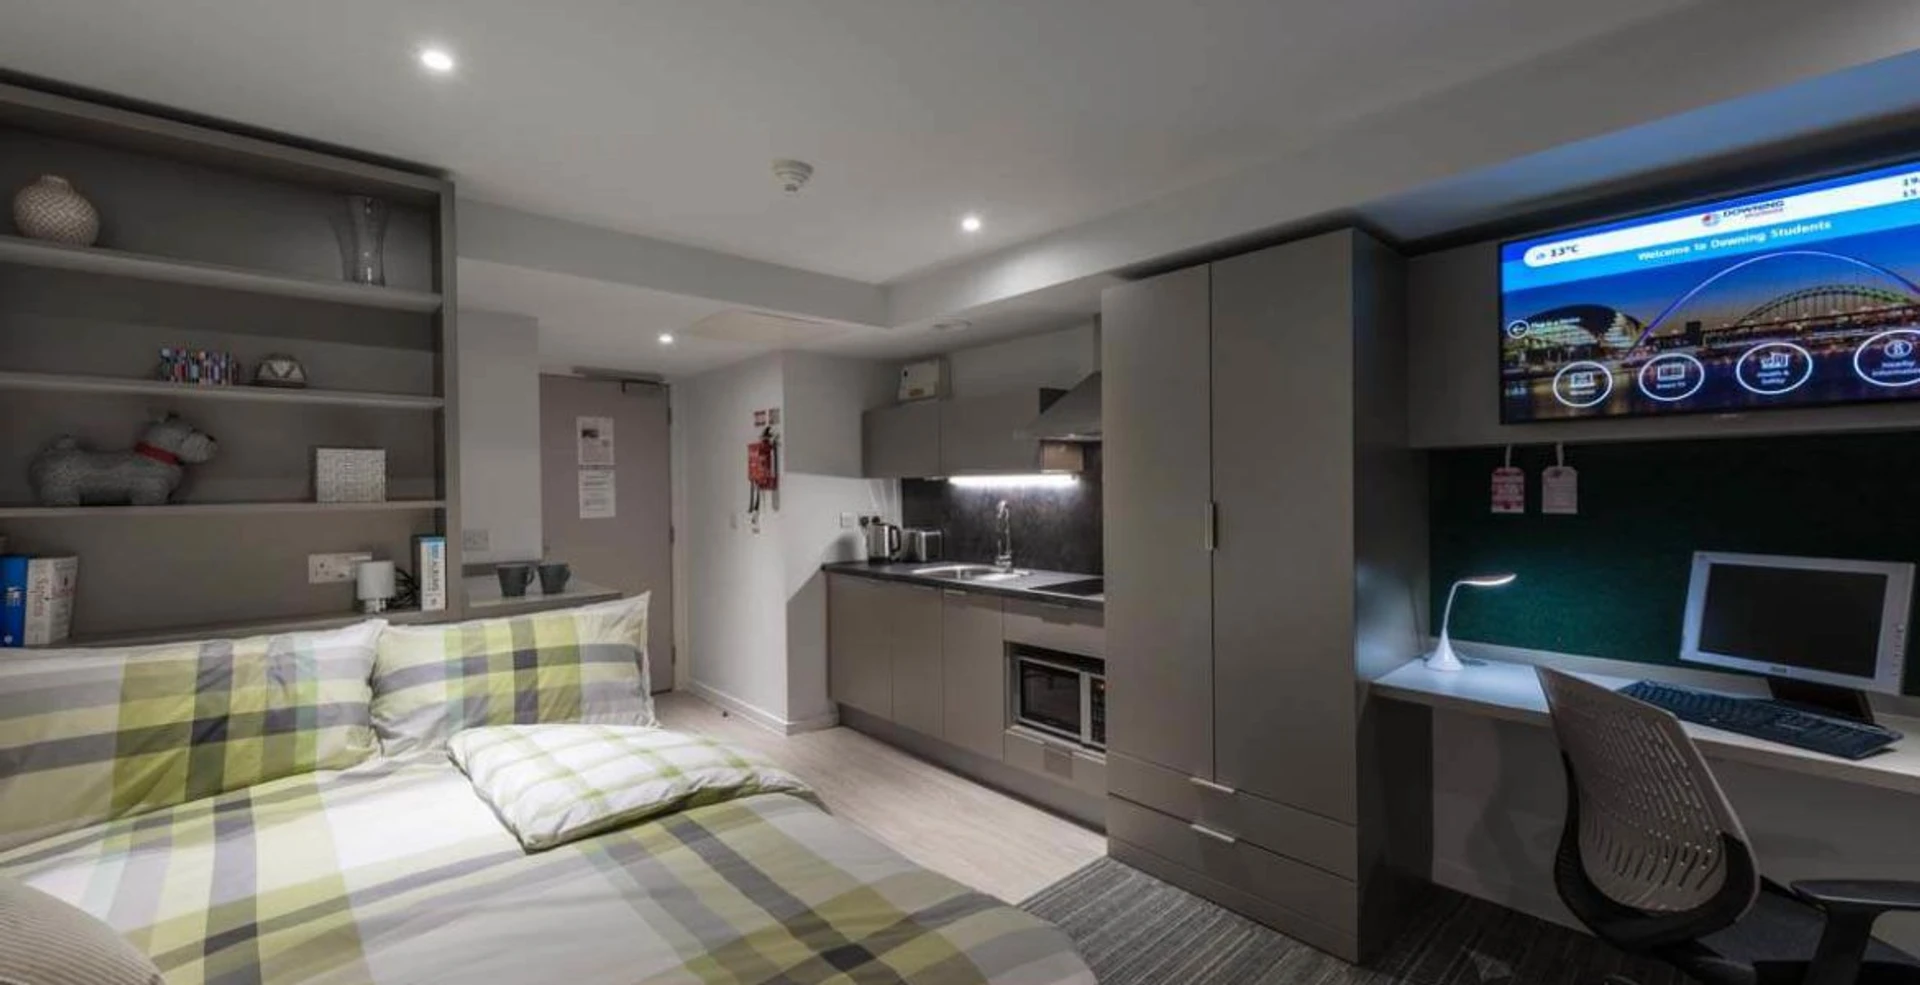 Renting rooms by the month in newcastle-upon-tyne
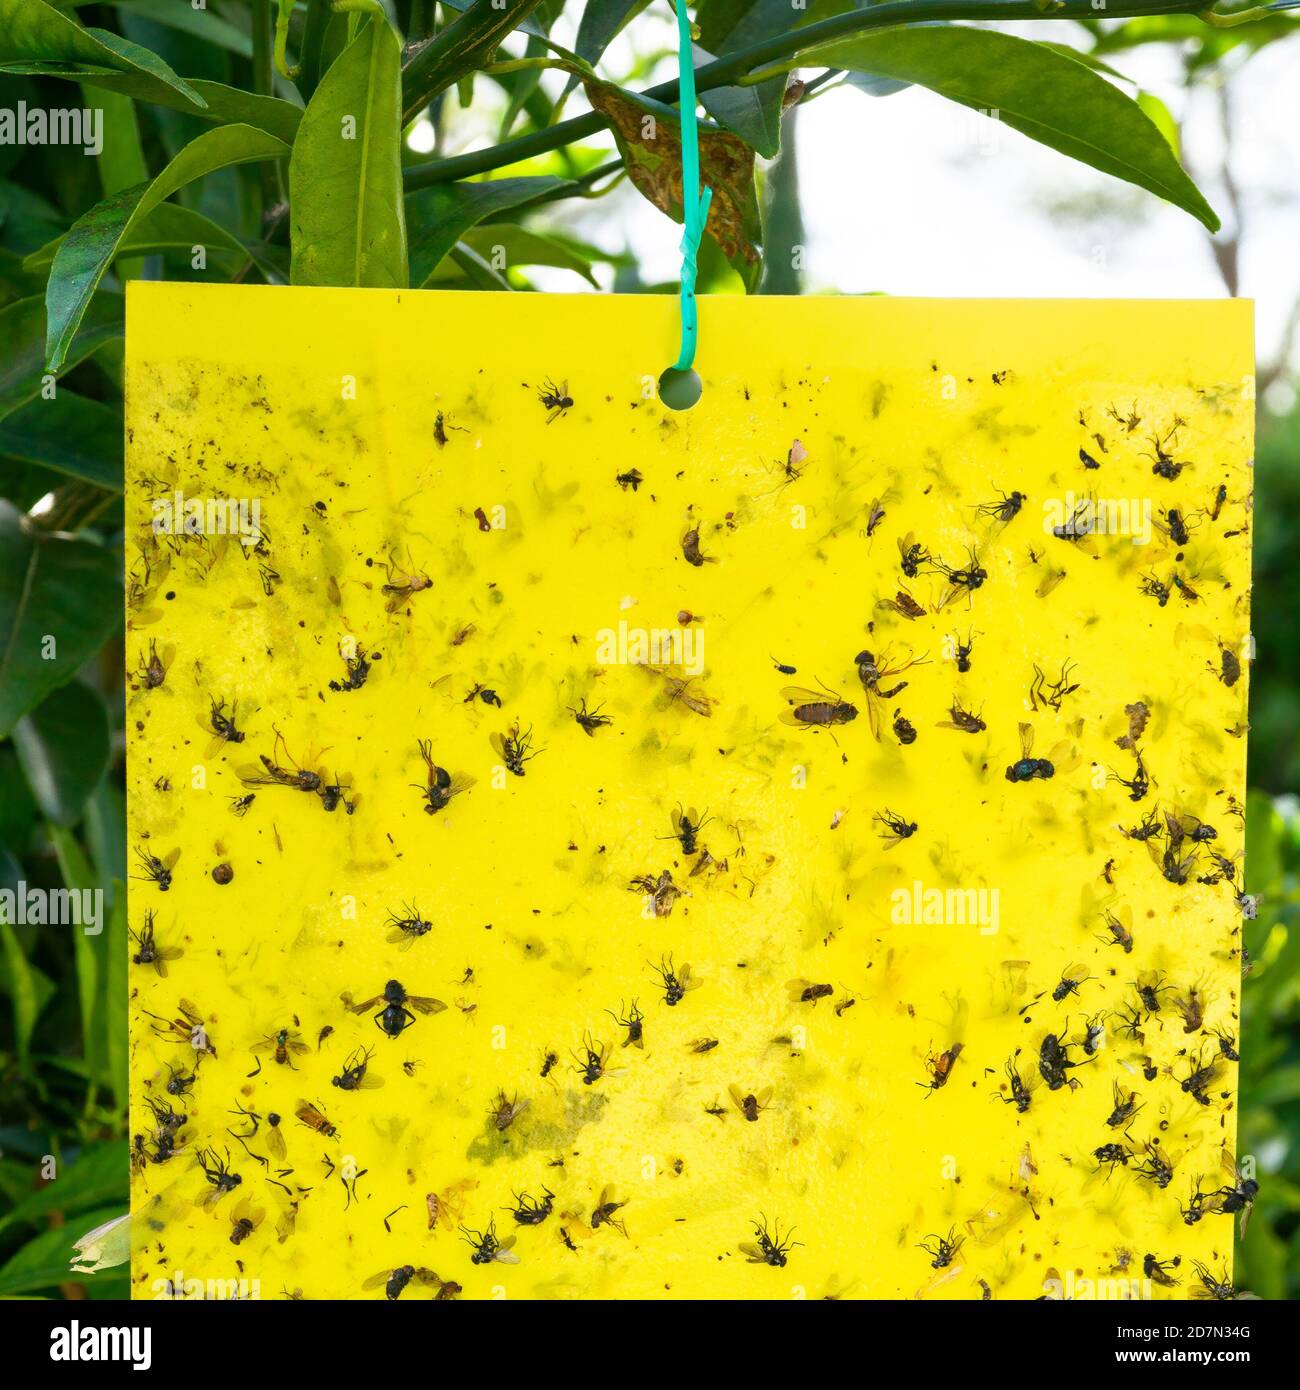 Yellow sticky fly paper with bugs catched acting as non chemical garden protection. Stock Photo
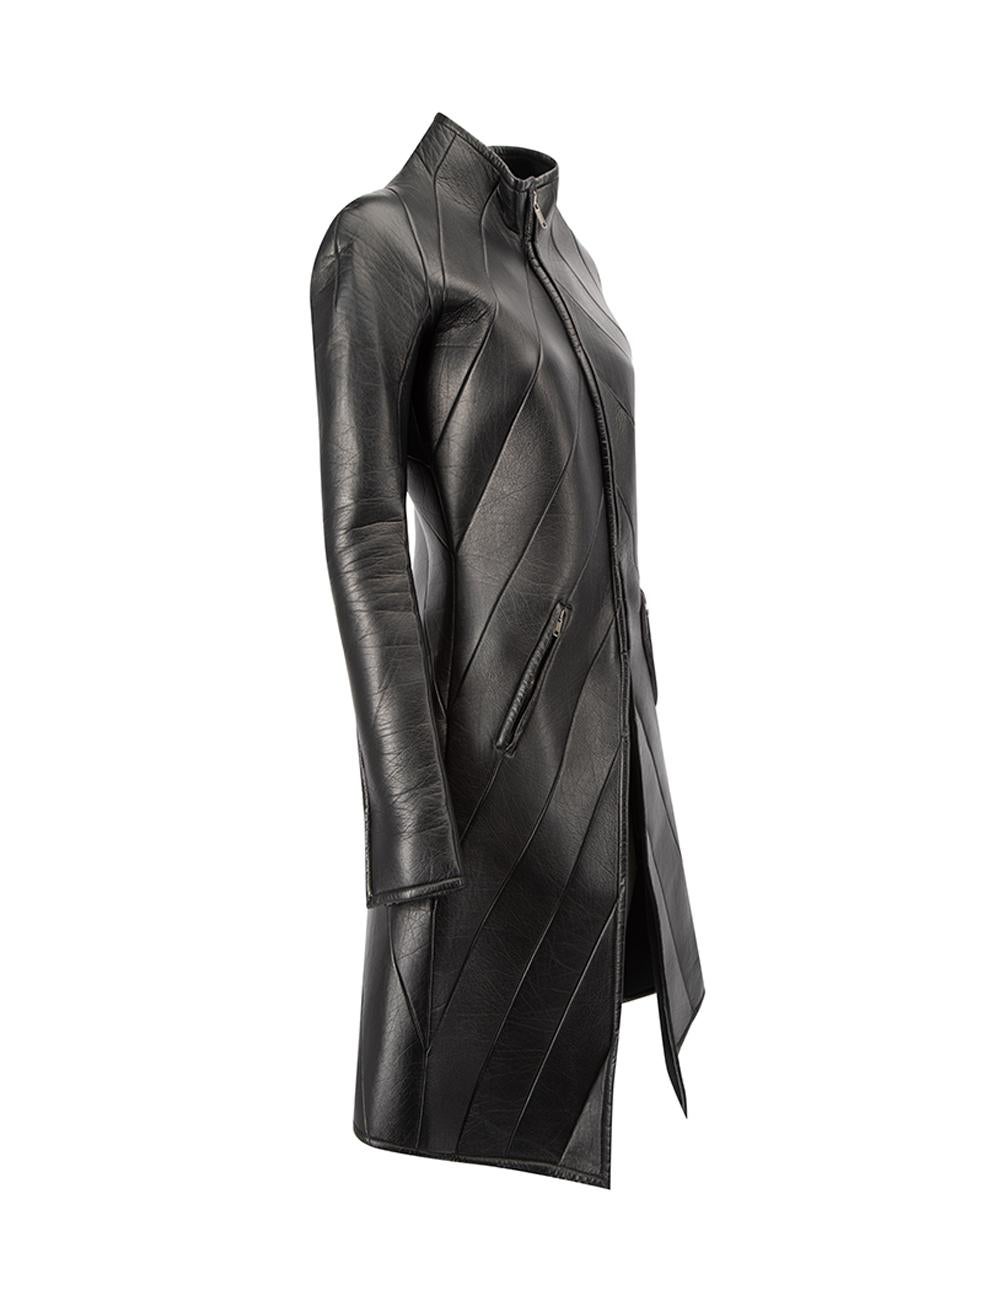 CONDITION is Very good. Hardly any visible wear to coat is evident on this used Gareth Pugh designer resale item.



Details


Fall 2010

Black

Leather

Long coat

Quilted

Front zip closure

Zipped cuffs

Front side zipped pockets





Made in
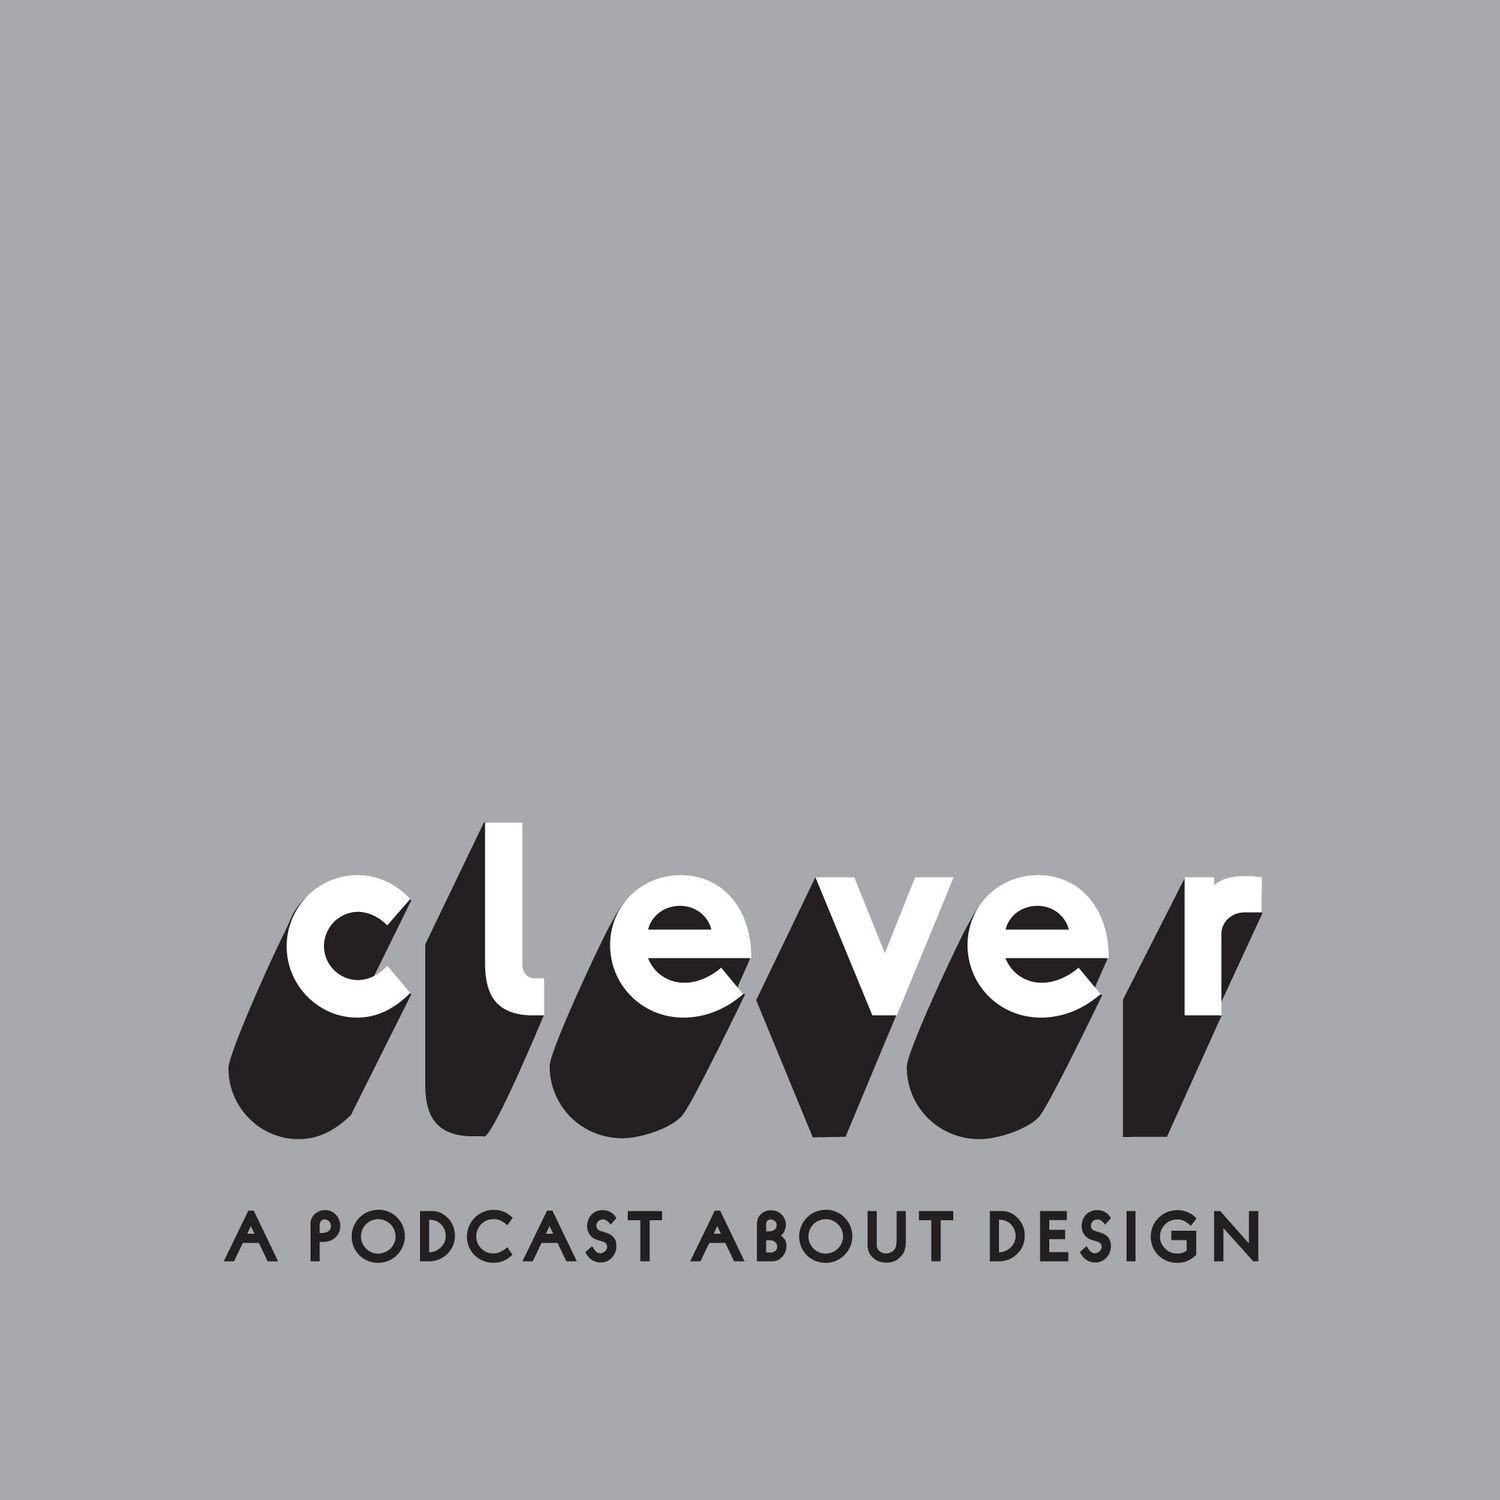 clever-icon-itunes-2000x2000.jpg

┄┄┄┄┄┄┄┄┄┄┄┄┄┄┄┄┄┄┄┄

Count how many lines in the listing above contain the word "Front", and respond with only that number.

2